The report highlighted that household financial savings in India are projected to average around 13 per cent of GDP over the coming decade.

It said, "India's household financial savings to average around 13 per cent of GDP over the next ten years as a base-case (vs. average 11.6 per cent of GDP observed in the previous ten years)."

The rise in financial savings will translate into significant inflows across various instruments, reflecting the gradual shift of households from physical to financial assets.

Out of the total inflows, Goldman Sachs expects a large portion, over USD 4 trillion, to be allocated to long-term savings products such as insurance, pension, and retirement funds.

Robust inflows into equities and mutual funds are also projected, estimated at around USD 0.8 trillion. Bank deposits, meanwhile, are expected to attract around USD 3.5 trillion.

The report noted that this scale of inflows mirrors the patterns seen in other countries as incomes rise and financial systems mature.

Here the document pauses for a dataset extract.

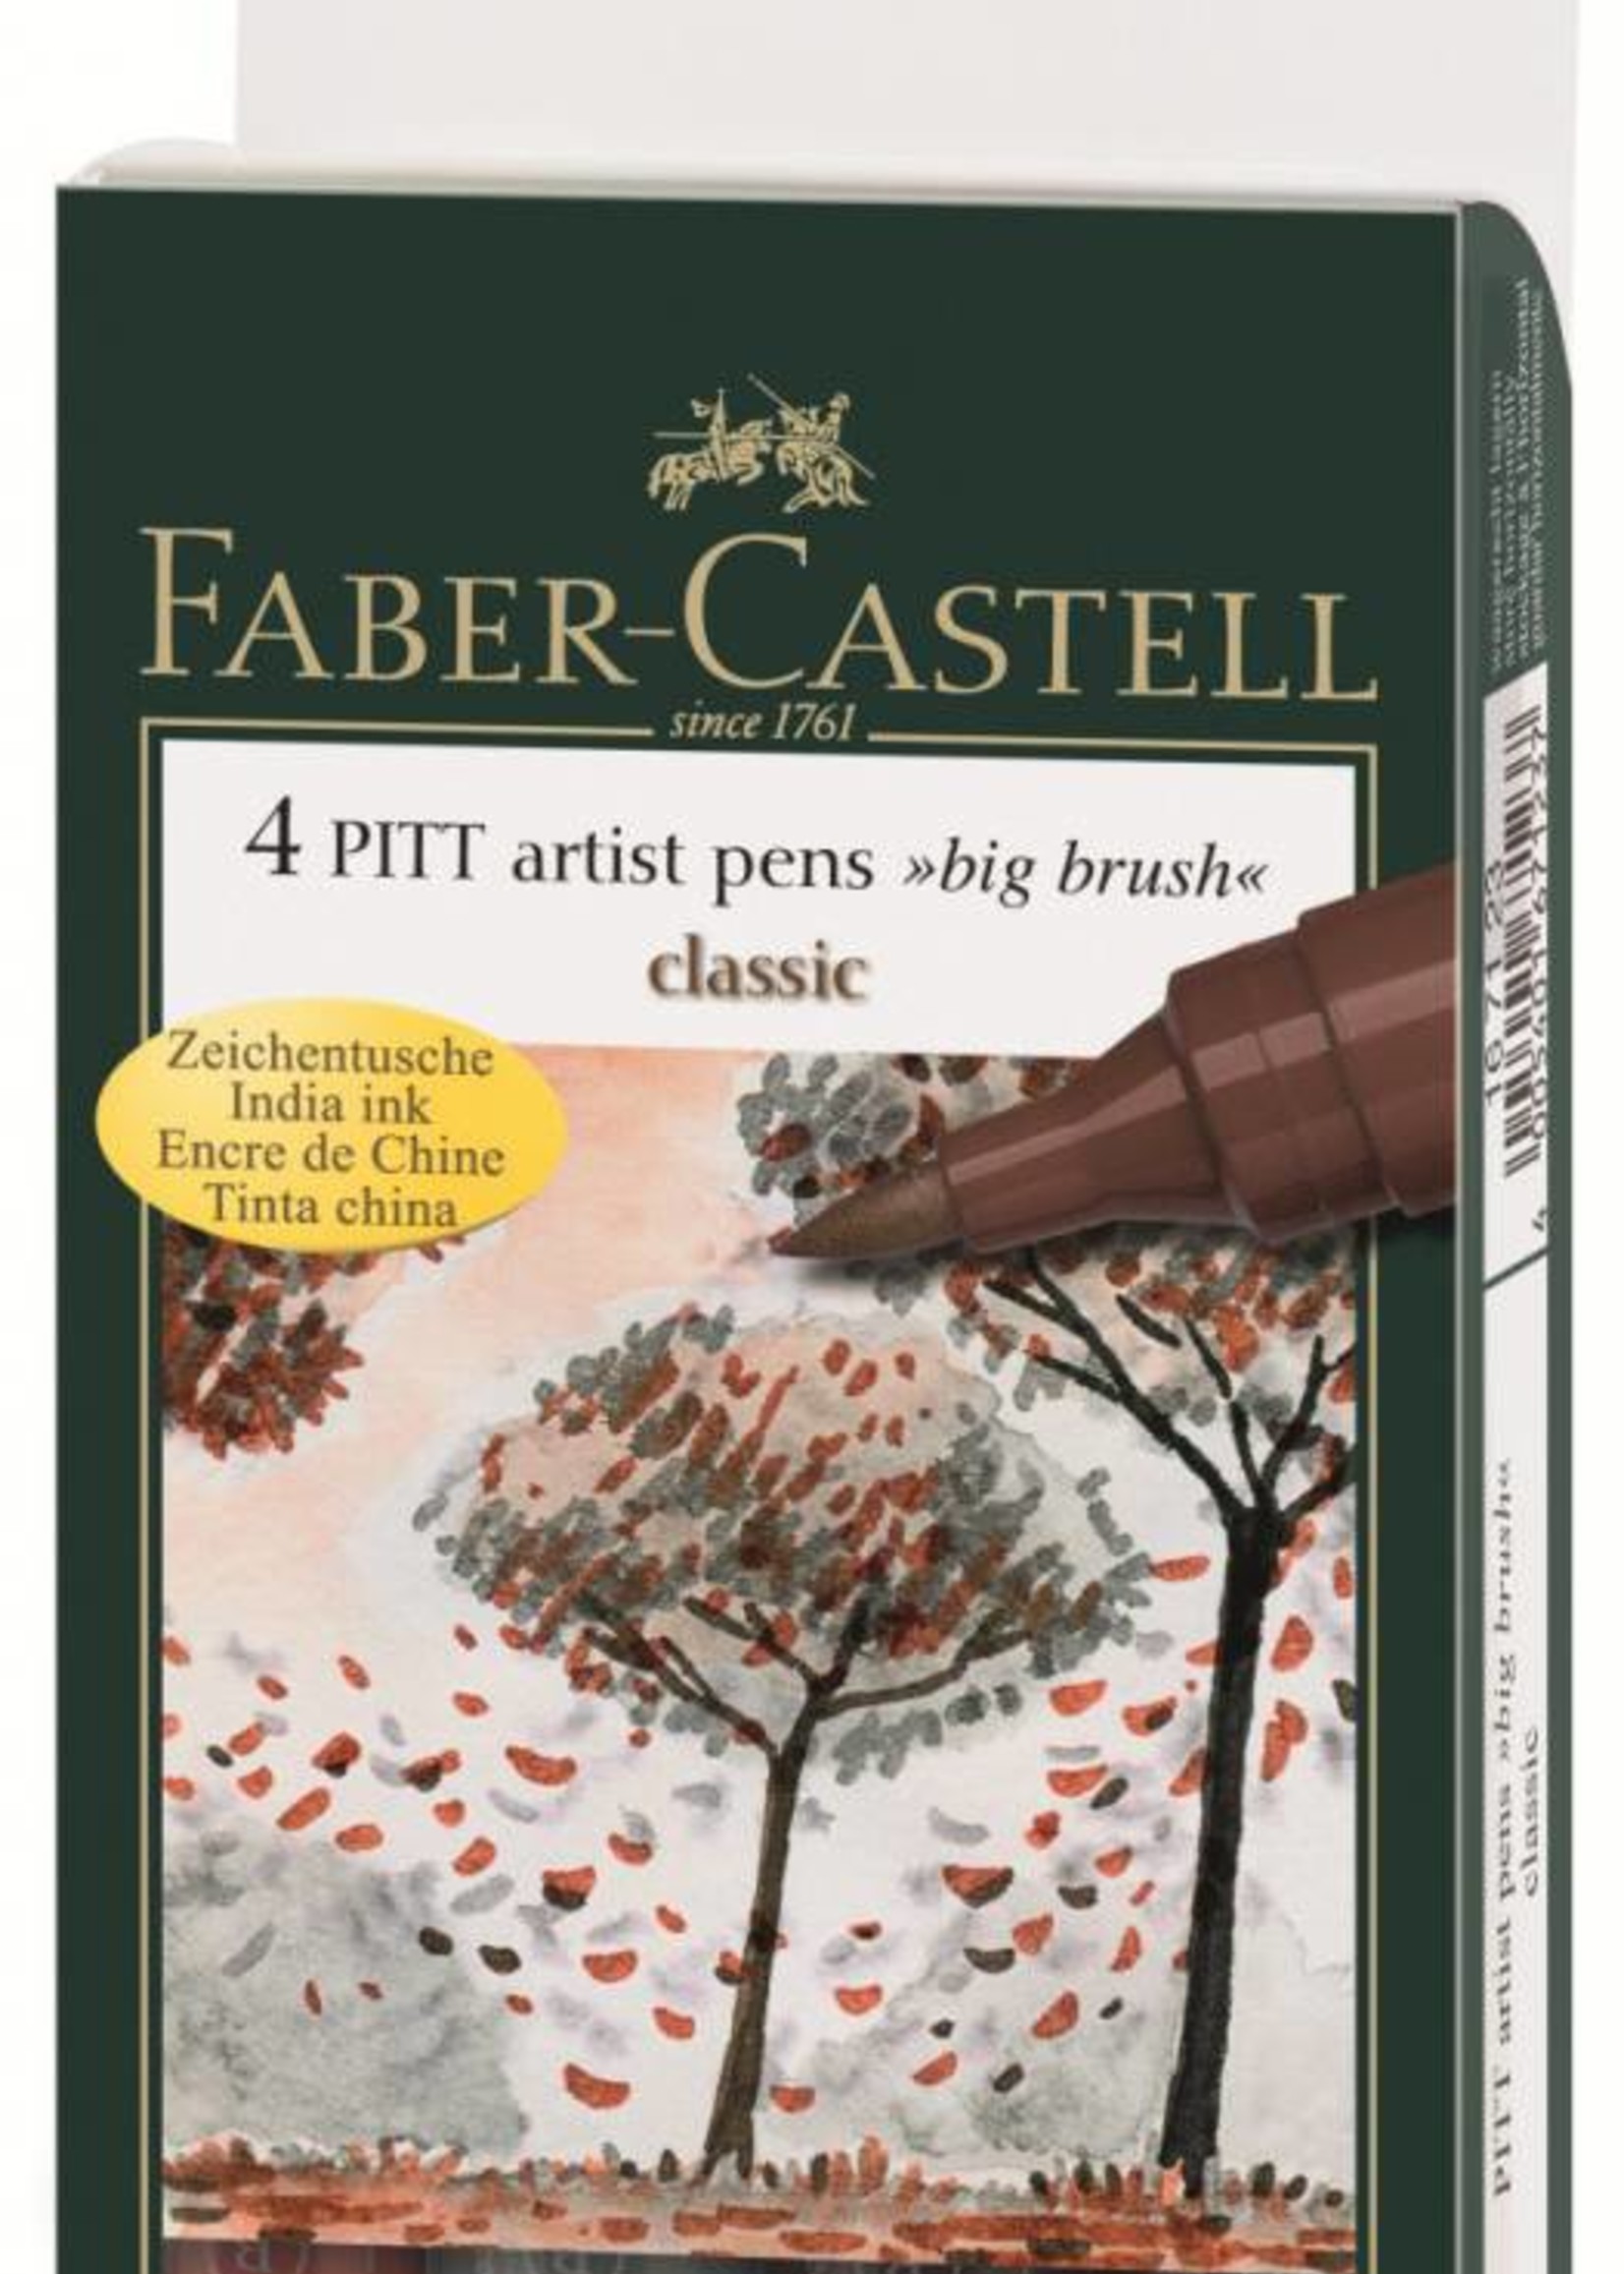 FABER CASTELL PITT ARTIST PEN BIG BRUSH SET/4 CLASSIC

As households increasingly prefer financial assets over traditional physical assets like real estate and gold, the process of financialization of savings is expected to deepen in India.

The report identified three key implications of higher household financial savings in the country. Firstly, these inflows will provide a stable funding base for India's corporate capital expenditure cycle, without materially widening the current account deficit.

Secondly, they are likely to support the long-duration bond markets, helping anchor long-end sovereign bond yields. This could also prompt the issuance of longer tenure quasi-sovereign or corporate bonds, thereby facilitating infrastructure financing.

Thirdly, the rise in financial savings is expected to expand retail participation in capital markets further and boost the demand for professional wealth management services.

The report added that households' decisions to allocate their savings between financial and physical assets depend on several factors including income, inflation, interest rates, risk preferences, and access to financial markets.

In advanced economies, a clear shift has been observed towards financial assets, with households increasingly investing in pension funds, capital markets, and insurance products.

However, in many emerging markets, a significant portion of household savings continues to flow into physical assets like real estate and gold. This indicates a large potential for further financialization of household savings in India. (ANI)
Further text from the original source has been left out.